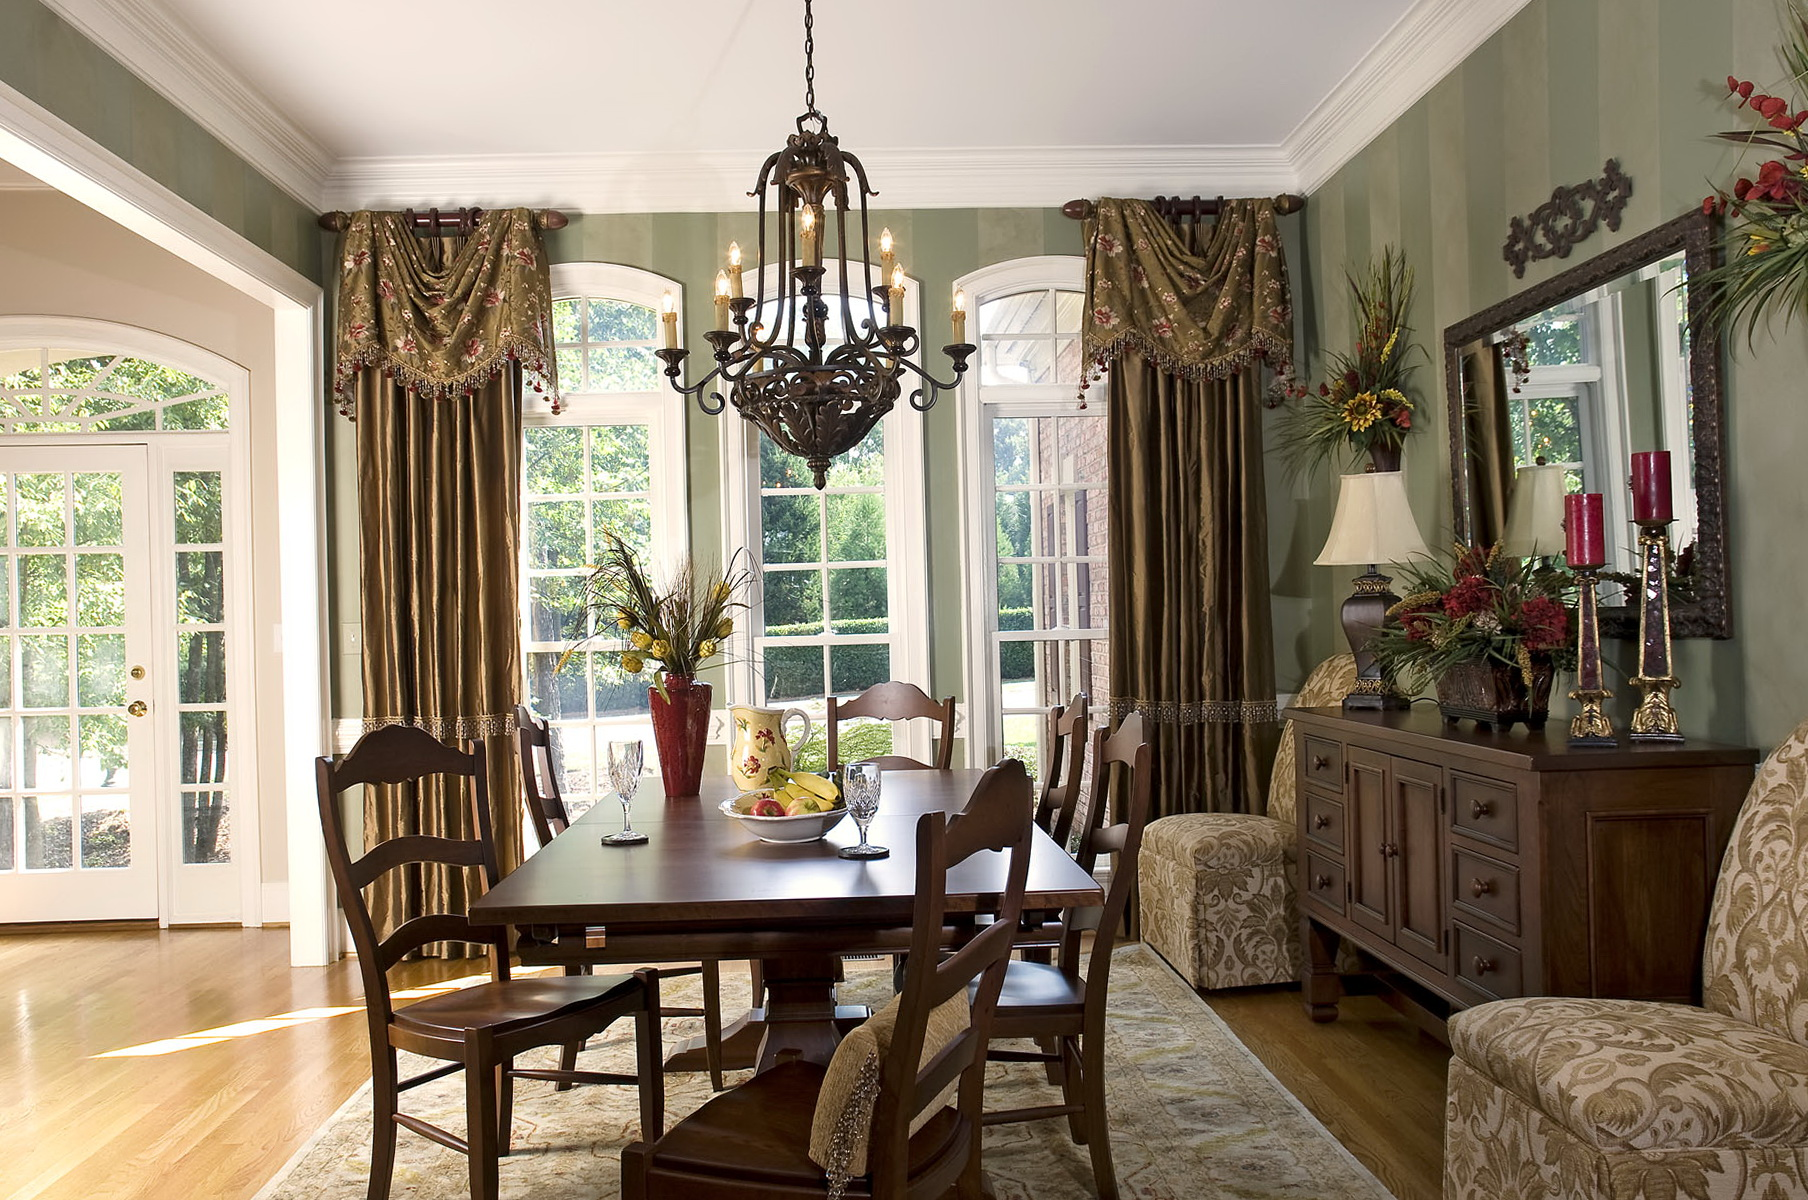 Dining Room Drapery Ideas Part - 21: Formal Dining Room Curtain Ideas
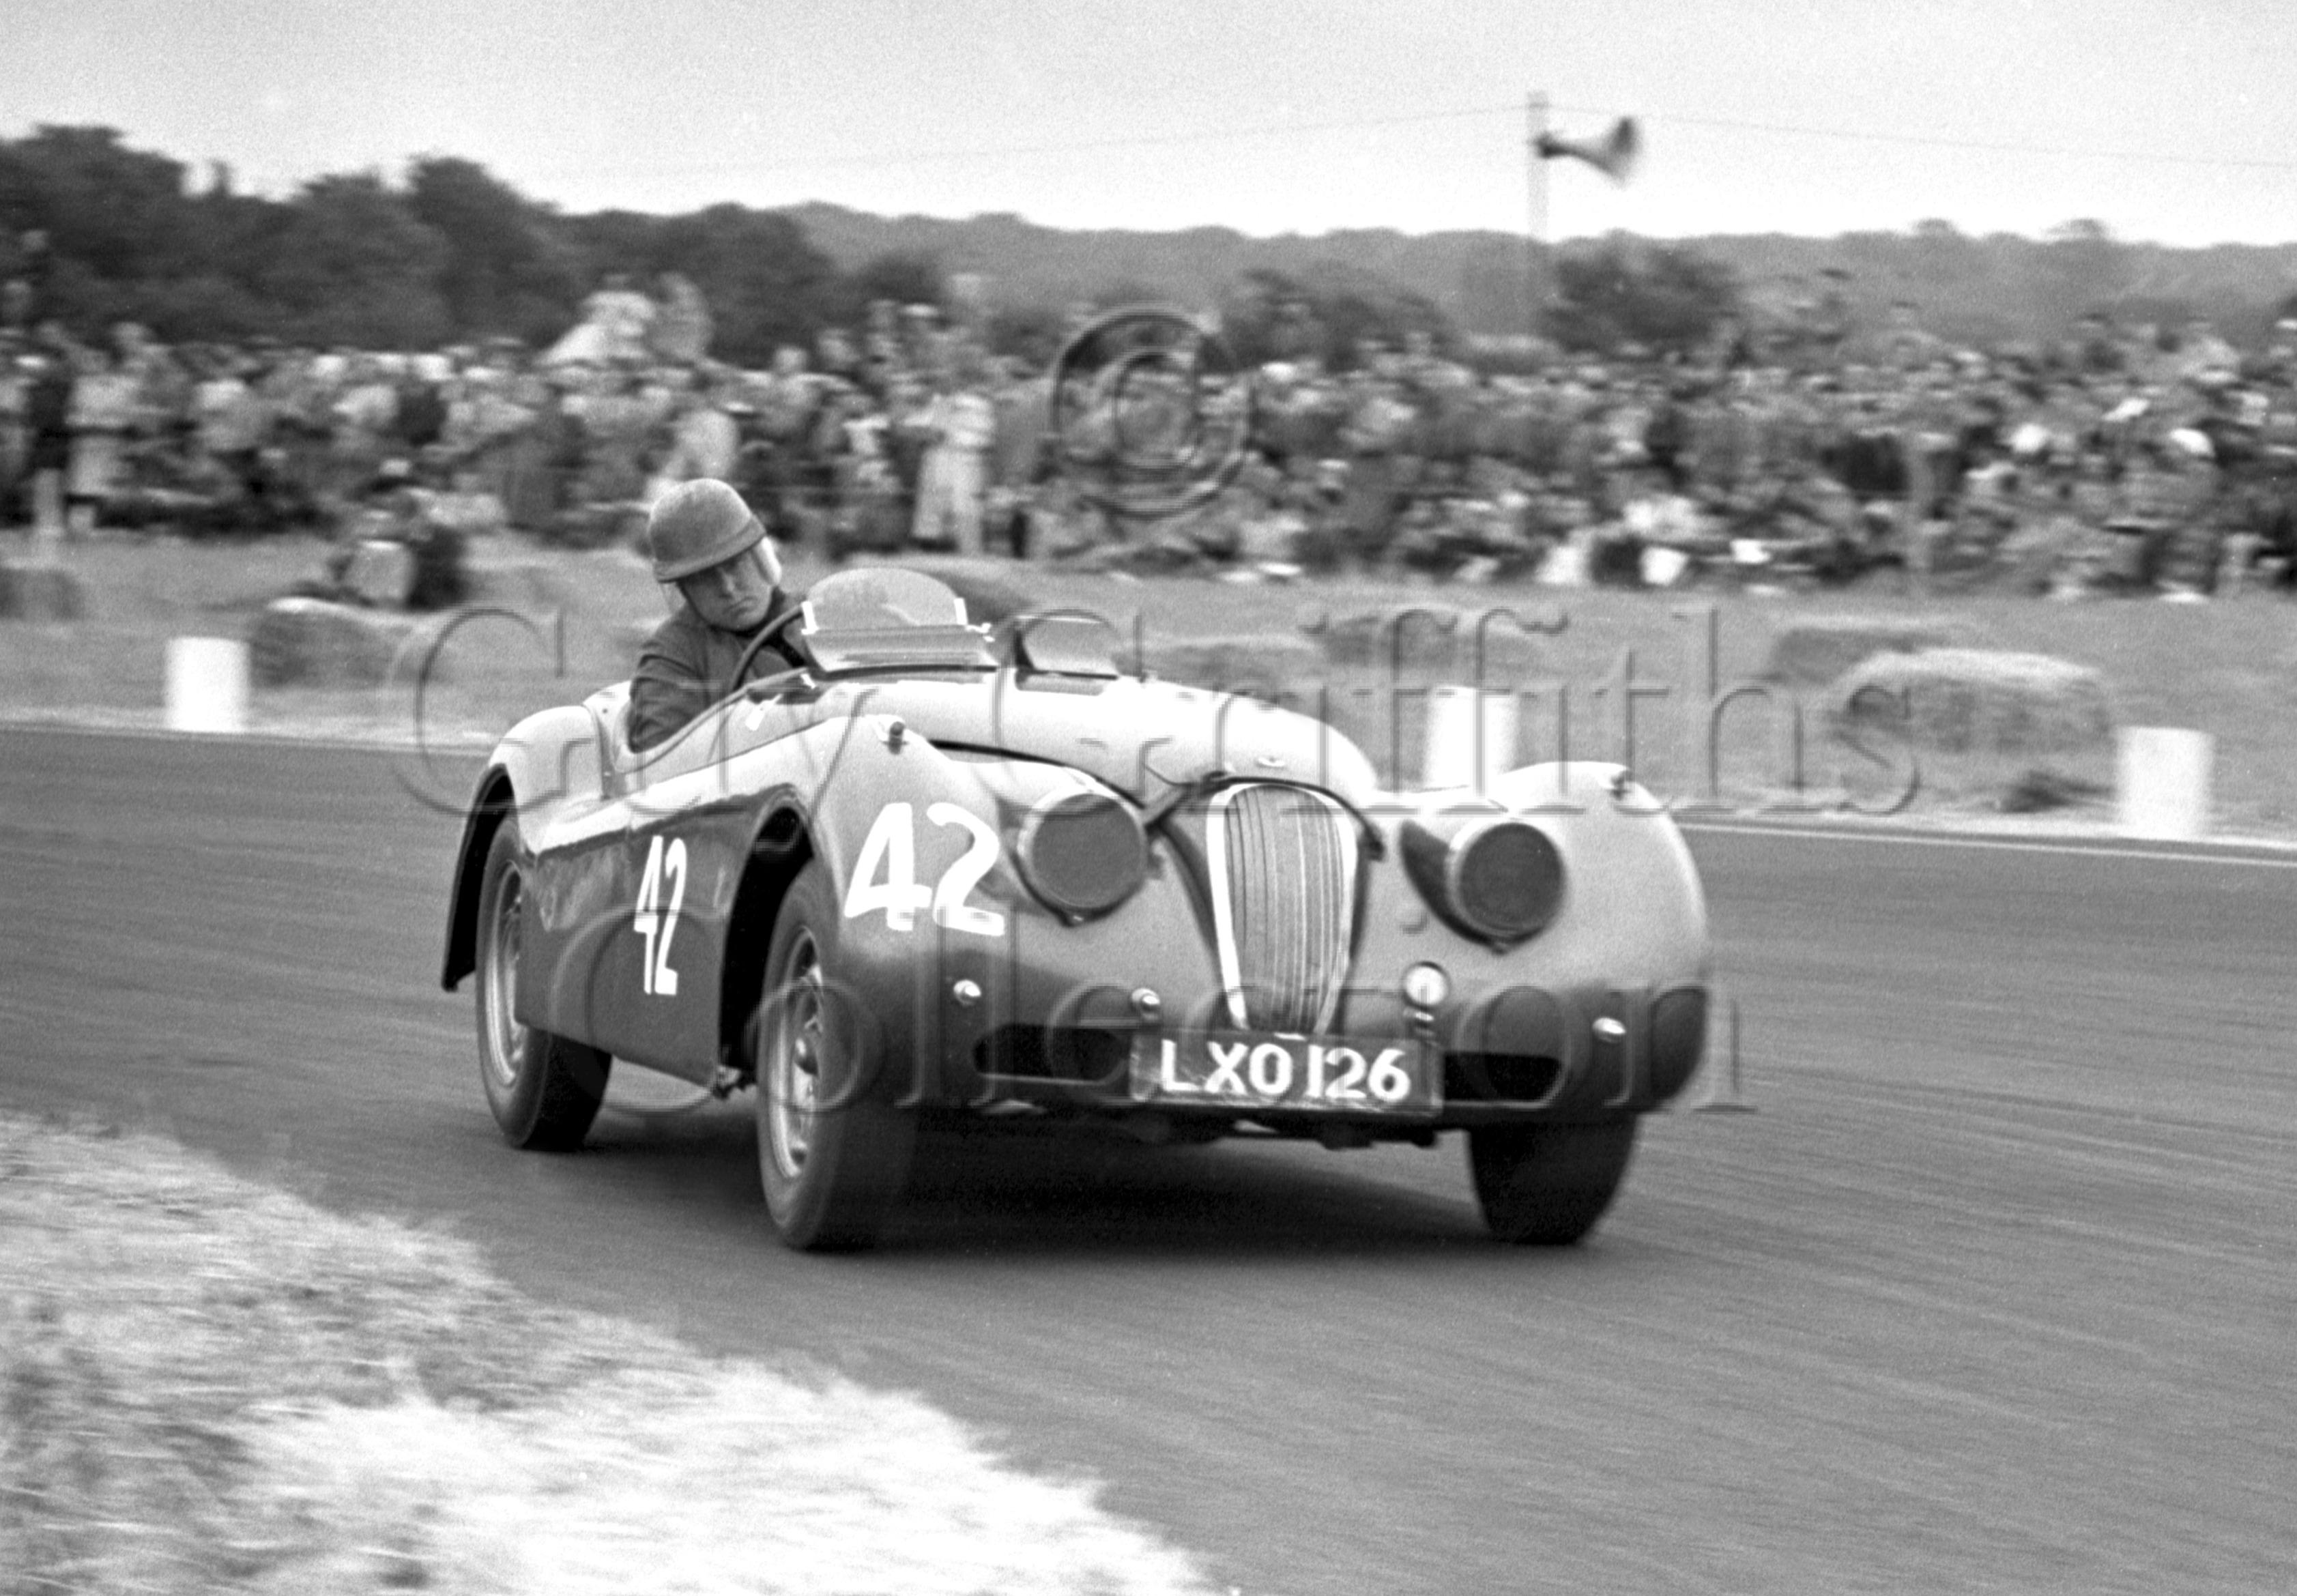 59-362–J-L-M-Scott-Douglas–Jaguar-XK-120-LXO-126–Boreham–02-08-1952.jpg - Guy Griffiths Collection
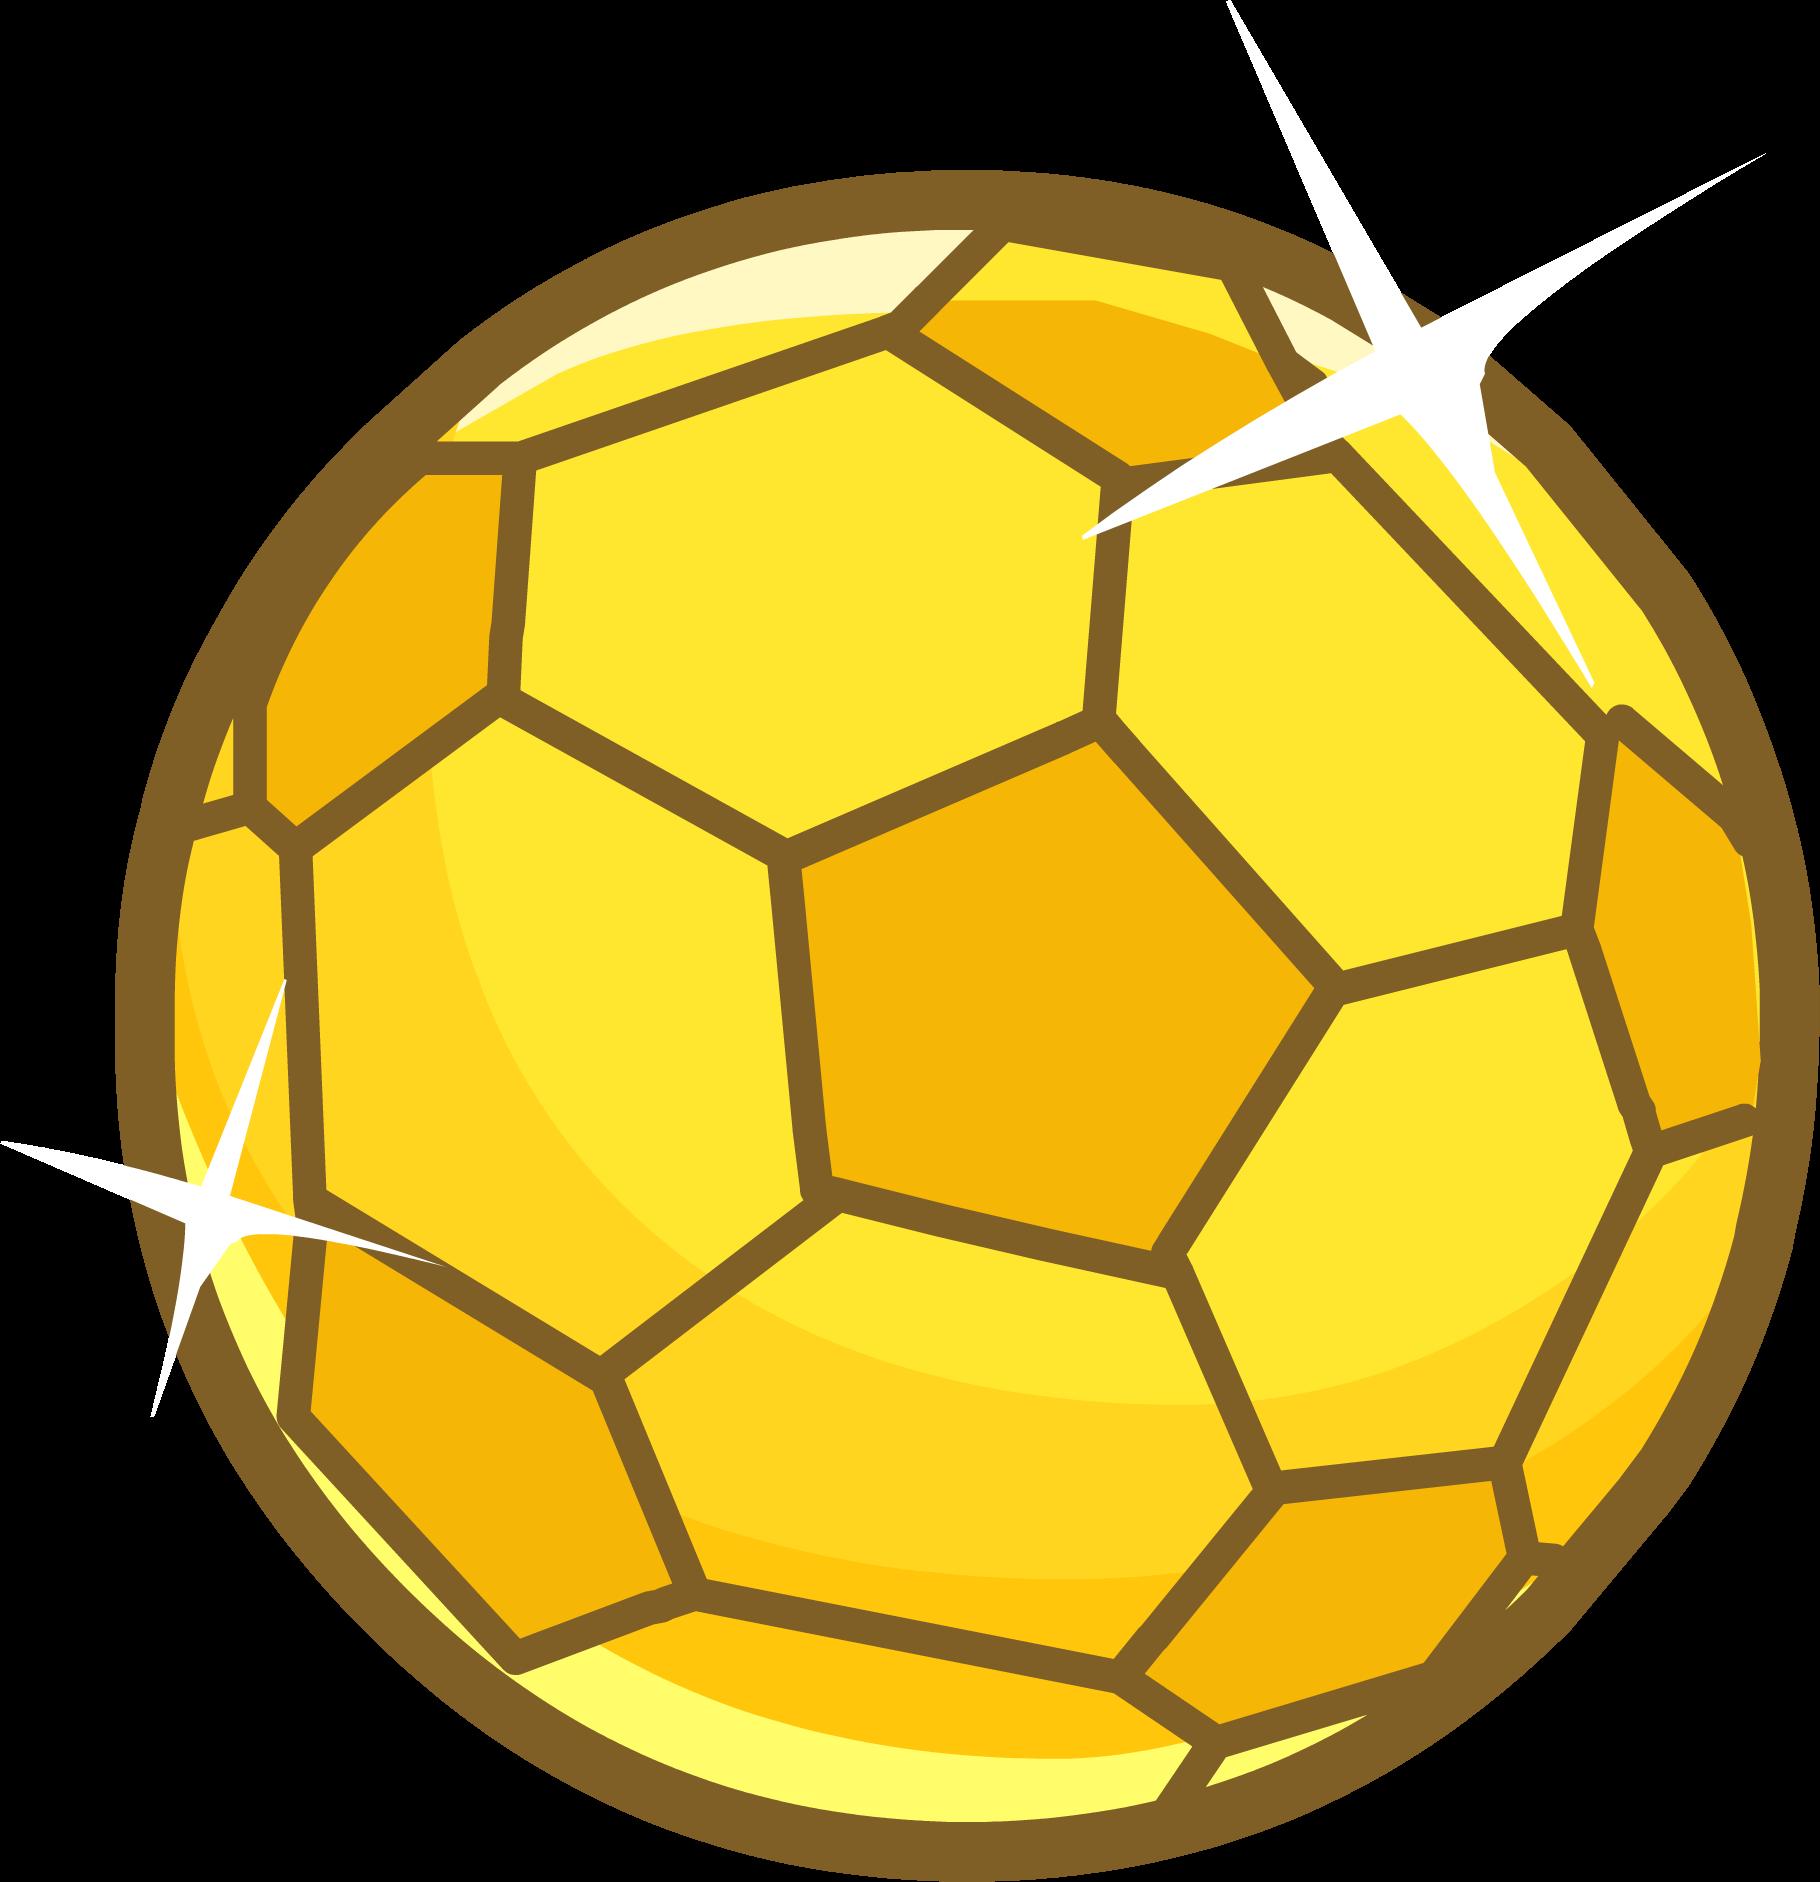 Golden Clipart Soccer Ball - Golden Soccer Ball Png ...
+++++
Action item
From the first line to the last, repeat the data above exactly and leave the pictures out.

Output of the task
 Dining Room Drapery Ideas Part - 21: Formal Dining Room Curtain Ideas
 59-362–J-L-M-Scott-Douglas–Jaguar-XK-120-LXO-126–Boreham–02-08-1952.jpg - Guy Griffiths Collection
 Golden Clipart Soccer Ball - Golden Soccer Ball Png ...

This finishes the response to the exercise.